Viona merapatkan punggungnya ke dada lelaki itu. Lalu, kembali menatap lautan yang beberapa puluh meter ada di hadapannya. Dion tersenyum dan mengecup pelipis Viona. Lalu, ikut menatap lautan yang luas itu.

 “Mas sengaja, ya?”

“Sengaja apanya?”

 “Sengaja mengambil suasana begini untuk kita,” sambung Viona. Dion kembali tersenyum.

“Iyalah! Bukankah suasana pantai mampu menentramkan hati yang tidak tenang. Dengan begitu, kita akan selalu berada dalam kedamaian di sini,” ucapnya kemudian.

“Hmmm.” Viona mendehem.

“Bukankah memang Mas selalu suka dengan suasana pantai? Biar nggak perlu wisata lagi, kali,” sanggah Viona.

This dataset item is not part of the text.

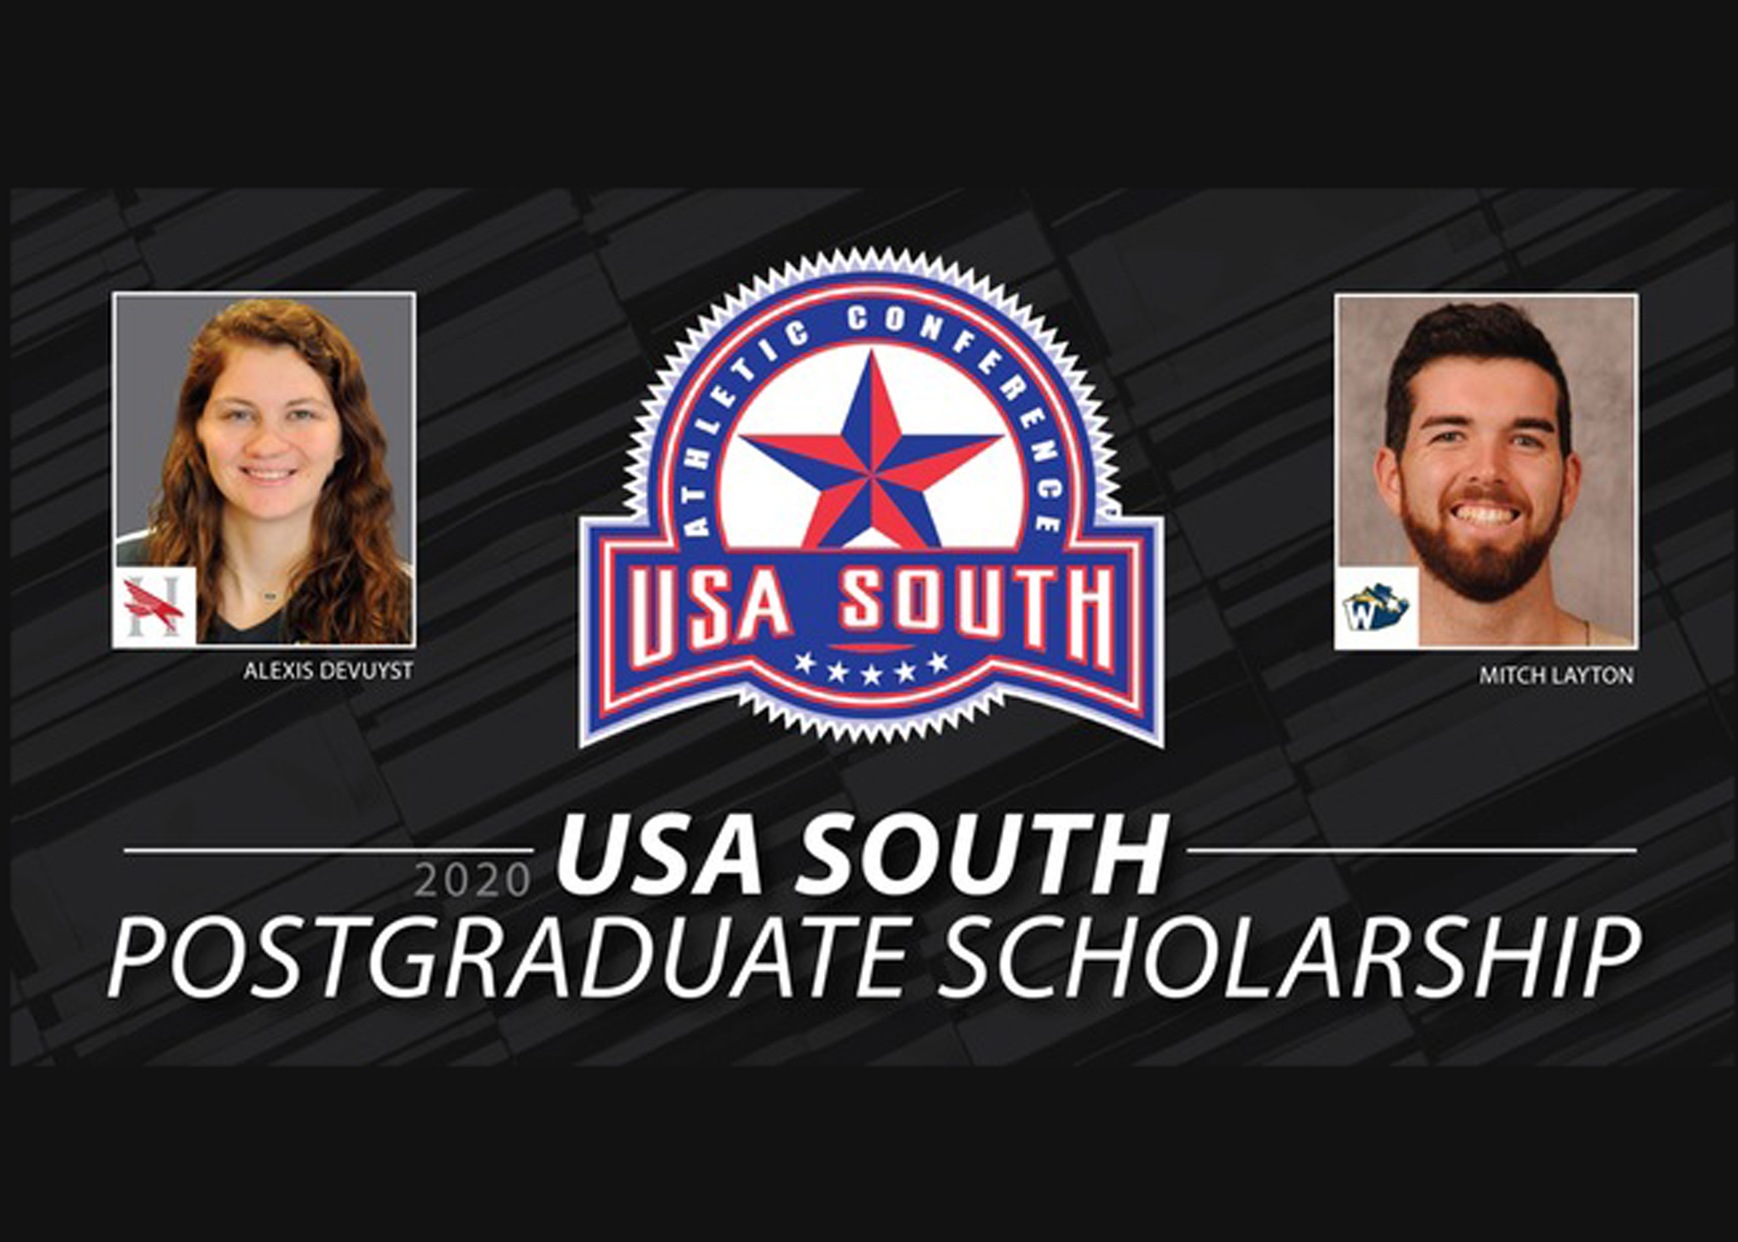 USA South Awards 2020 Postgraduate Scholarships

“Kalau wisata, ya, beda lagi, Vie. Kita akan tetap wisata, kog!” jawabnya.

“Paling juga jauh-jauh pergi tetap aja pantai kan, Mas?”

“Ha … ha … ha!” Dion tertawa lepas sambil mengusap pucuk kepala Viona.

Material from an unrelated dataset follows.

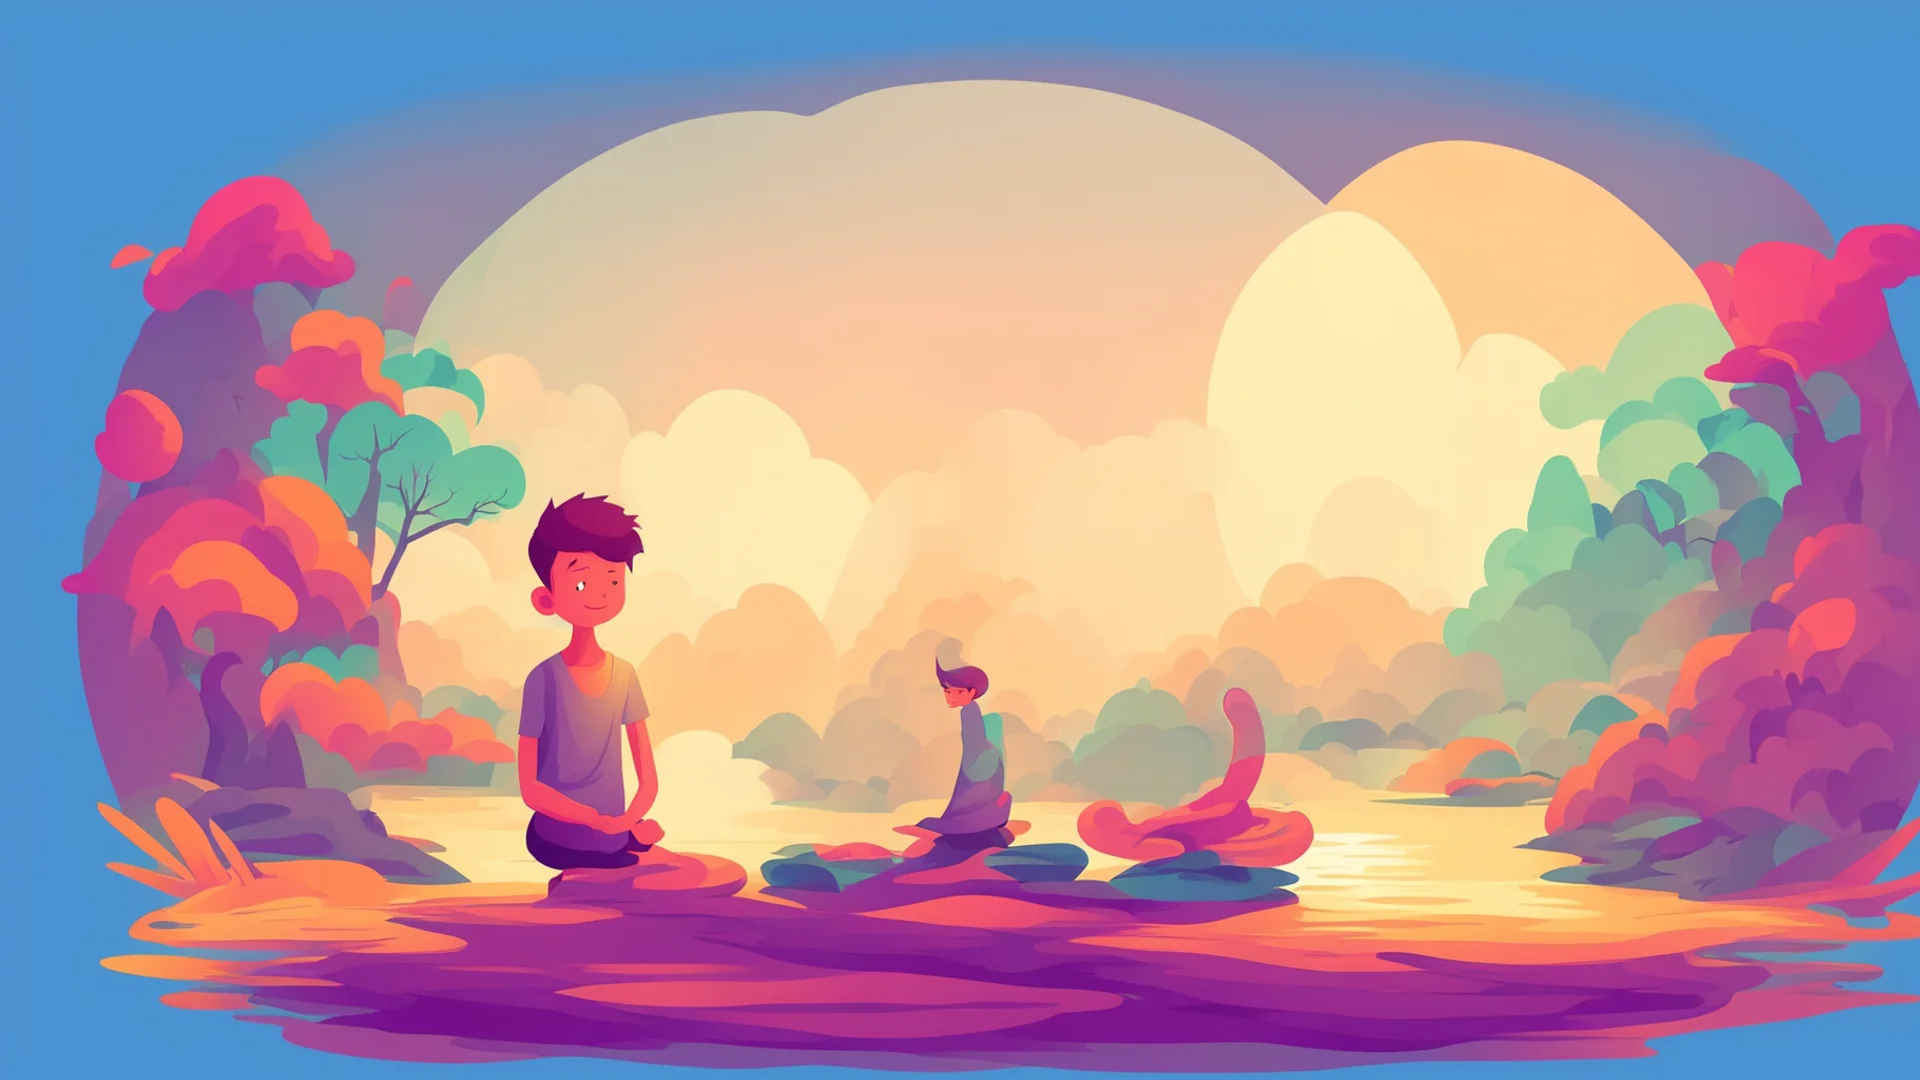 aiboy doing meditation in vector illustration good looking trending fantastic 1 wide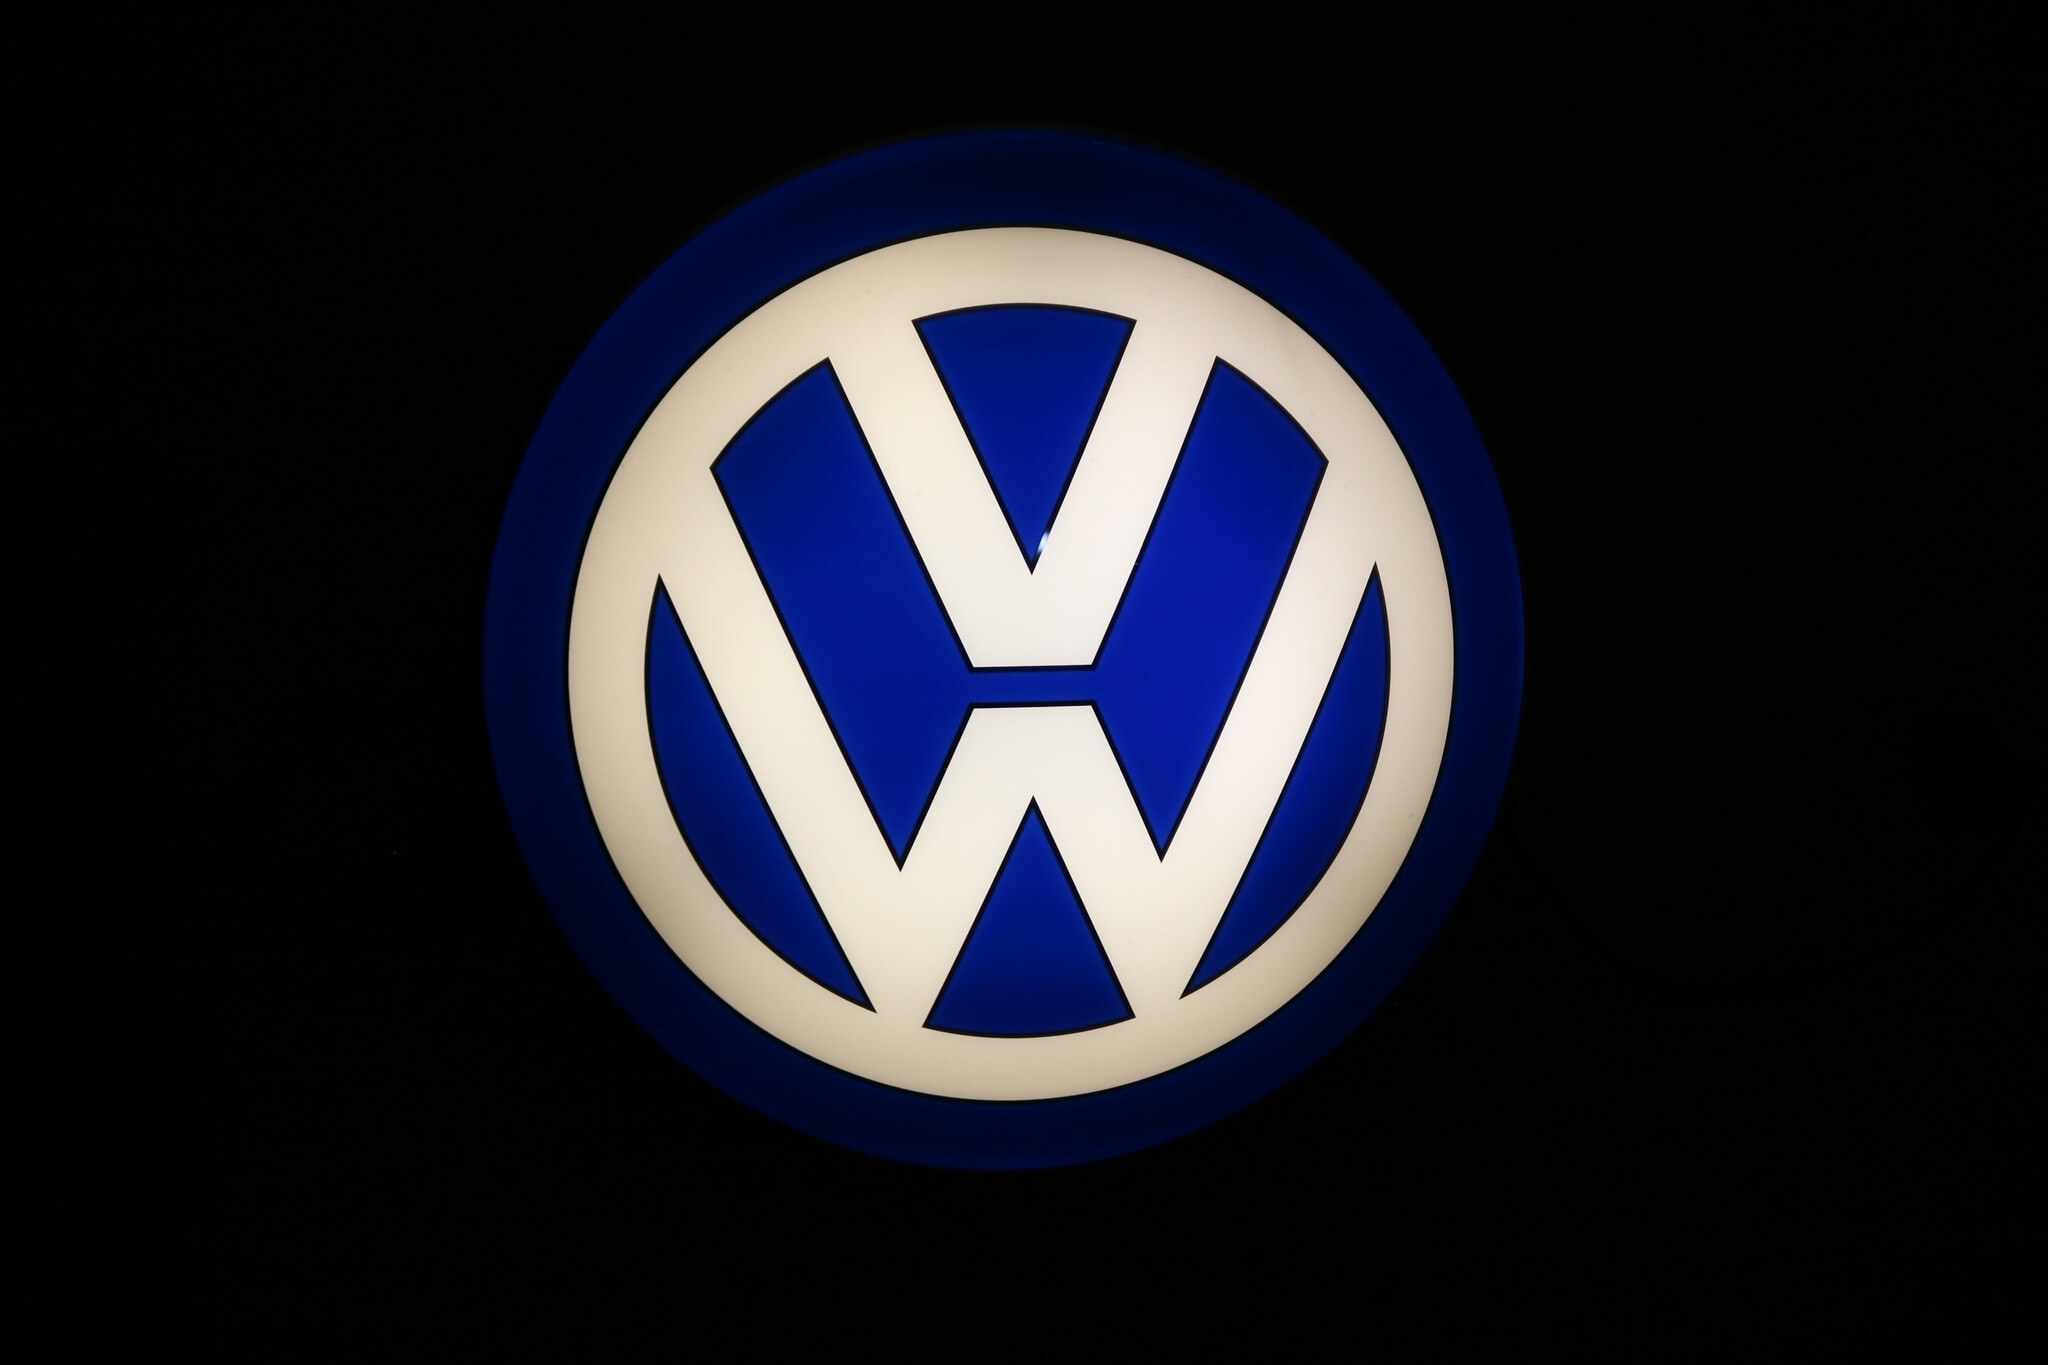  Authentic Illuminated Volkswagen Dealership Sign

“Itu kan dulu. Nah, sekarang kalau rumah kita di sini, gantilah!” Viona tersenyum. “Kamu nggak lupa, ‘kan? Pantai ini sangat bermakna buat kita?”

Viona mengerutkan keningnya dan melirik.

“Bermakna? Buat Mas?”

“Buat aku, buat kamu dan kita! Kamu nggak ingat?” Viona mengerutkan keningnya. Dion kembali mengusap pucuk kepala itu. “Salah satu alasan yang membuat kita bersatu itu adalah pantai,” ucap Dion.

“Lho! Kok pantai? Bukankah kita waktu itu bersatu demi Kanaya, iya ‘kan?” bantah Viona lagi. “Lagipun yang berjasa nyatuin kita itu yang pasti Tuhan, Mas!” ucap Viona sambil memanyunkan mulutnya.

 “Pastilah! Cuma, kamu lupa, ya? Hati kita itu disatukan di pantai. Walau takdir berkata lain, nyatanya hati kita tetap saling menemukan antara satu dengan lainnya. Pantai ini yang membuat kita sama-sama tidak pernah bisa saling melupakan,” ucap Dion lagi dengan tatapan jauh ke depan. Kening Viona mengernyit.

“Tapi berani menyakiti!” ketus Viona sambil menoleh dan mendelik pada Dion.

“Bukan! Cuma, takdir terkadang suka mempermainkan tokohnya.”

“Bukan takdir yang mempermainkan kita, Mas. Tapi Mas sendiri yang suka liku-liku yang pelik. Ujung-ujungnya makan hati sendiri,” sungut Viona sambil mengerucutkan bibirnya.

Dion terkekeh mendengar ucapan Viona. Ia merasa lucu melihat Viona dengan aksi ngambeknya itu. Ia pun memutar tubuh Viona pelan ke arahnya, menatap Viona dengan penuh kasih dengan tatapan mata indahnya yang selalu saja meluluhkan Viona. Hingga Viona terpaku. Raut cemberutnya seketika berangsur lenyap. Ia menatap dalam ke sklera Dion yang tajam. Dion memperlihatkan senyum termanisnya pada Viona. Viona mematung menatapi wajah bulan yang masih saja ia kagumi itu, sama seperti tahun-tahun lalu. Dua netranya terpatri menatapi senyum manis di bibir simteris Dion, mata elangnya dan hidung mancung yang selalu ia suka. Pesona yang begitu melekat di kalbunya.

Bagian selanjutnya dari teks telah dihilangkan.